BLOOMBERG: “INVENTORS TORCH PATENTS OUTSIDE PTO, DECRY REVIEW PROCESS”

Inventors Burning patents - US InventorAbout a dozen inventors in town for a conference set their patents aflame in front of the U.S. Patent and Trademark Office headquarters Aug. 11 to protest what they called an unfair administrative system for invalidating patents.

The passage of the America Invents Act of 2011, a sweeping overhaul of U.S. patent law, led to the creation of administrative patent reviews as an alternative to the more costly path of challenging patents in federal district court. But patent holders say those proceedings, where anyone can claim a patent is invalid because it’s obvious or not novel, make it too easy for those accused of infringement to get patents invalidated.

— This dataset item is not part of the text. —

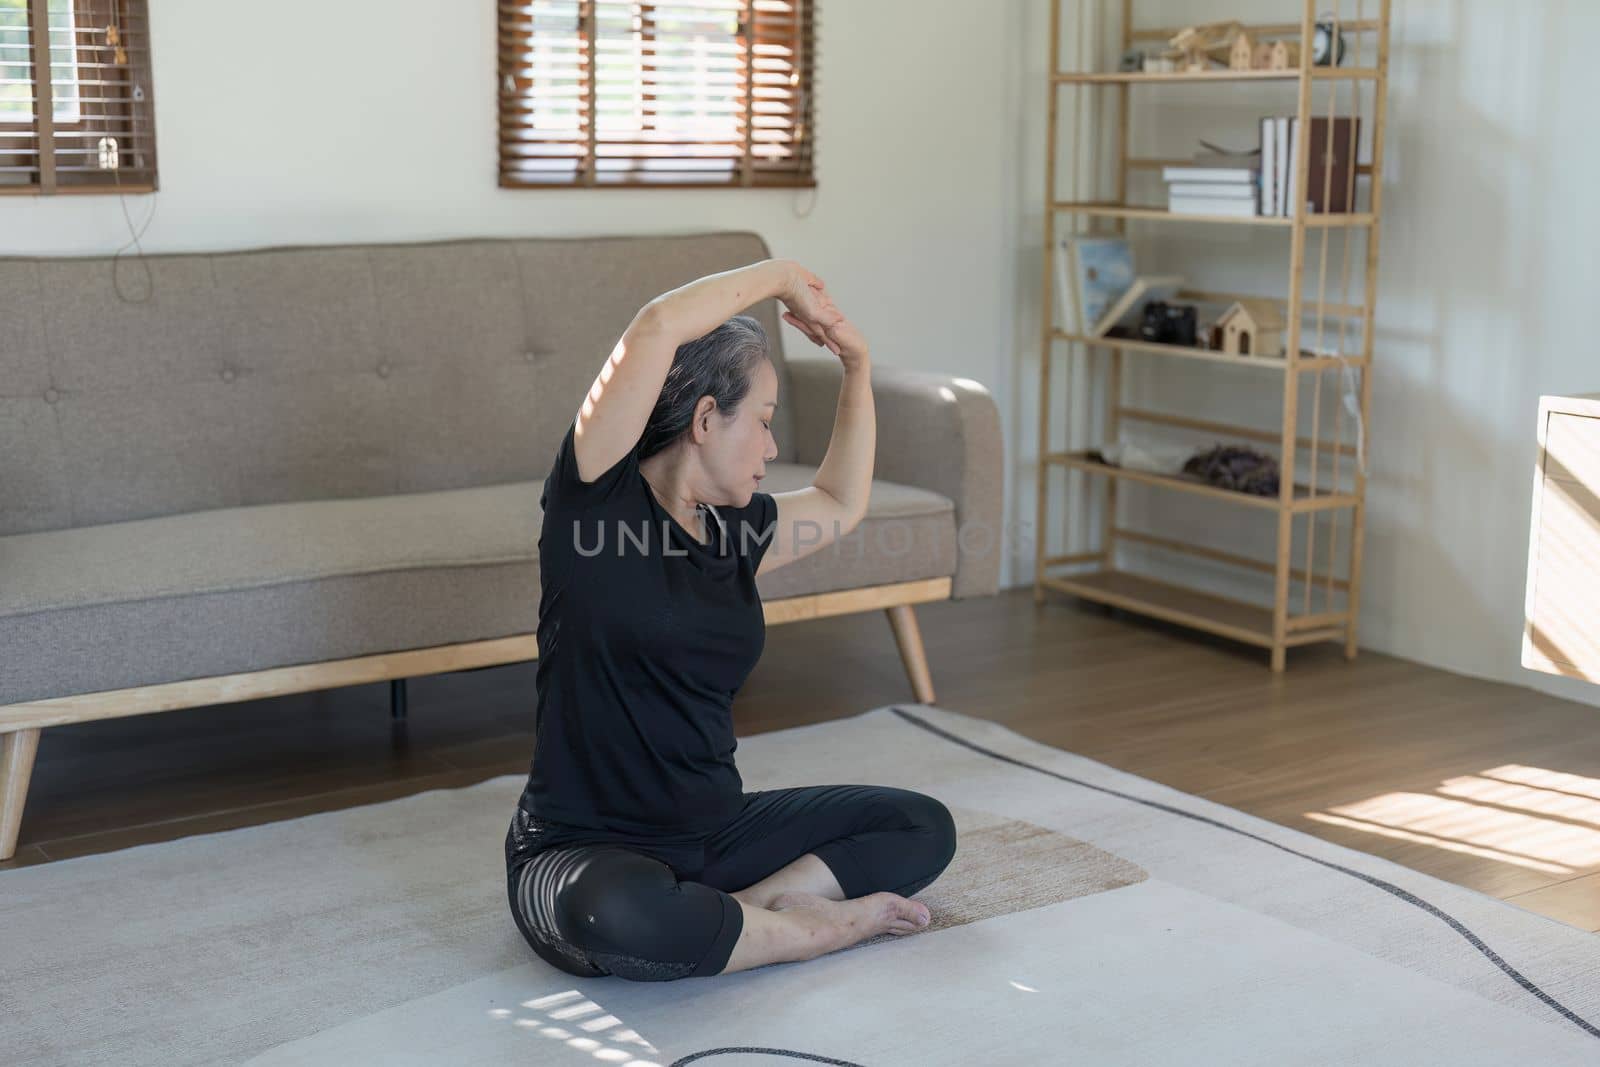 Portrait of Mature Woman doing stretching yoga side bend. exercise and stretching concept.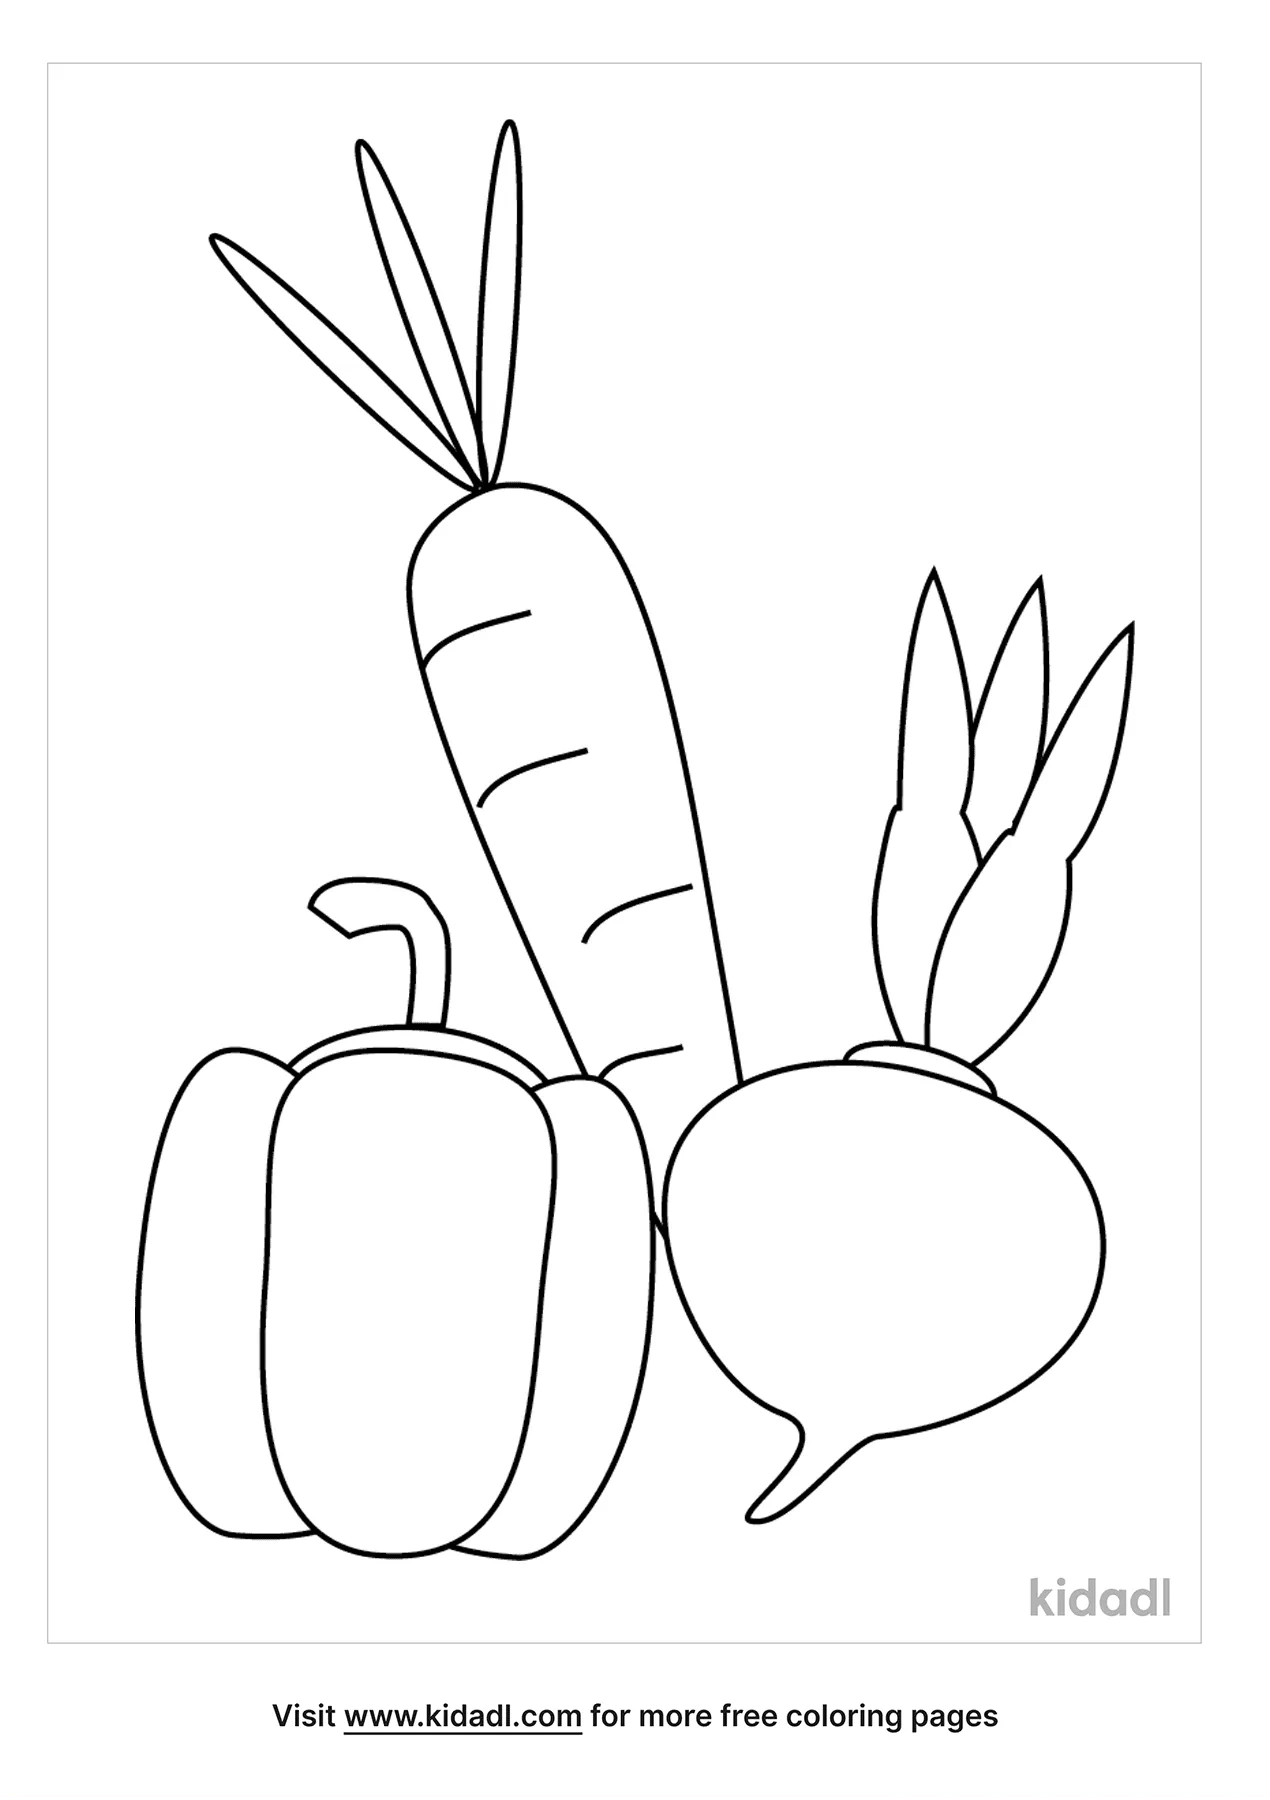 Fruit And Vegetables Coloring Pages   Free Food and drinks ...

Moreover, they say, the patent system now favors alleged infringers, as recent U.S. Supreme Court decisions, changes in the law, and the PTAB have led to the cancellation of numerous issued patents.

“Patents are junk in the U.S. and that’s why I’m burning my patents,” Paul Morinville, an inventor of software applications and founder of US Inventor, an advocacy group for independent inventors’ intellectual property rights, said as he set his patent ablaze with a cigarette lighter.

The PTO is “issuing patents on one side of the office and the other side is changing their mind,” Josh Malone, who invented Bunch O Balloons, a product that fills numerous water balloons at once, told Bloomberg BNA before the protest. “They should get it right, stick with their decision and let the courts sort it out.”

One of Malone’s patents was invalidated in January at the PTO’s Patent Trial and Appeal Board, and another is under review. The PTAB should only take up petitions that challenge “egregious” patents, Malone said, but it institutes examinations in 70 percent of patent-challenge petitions.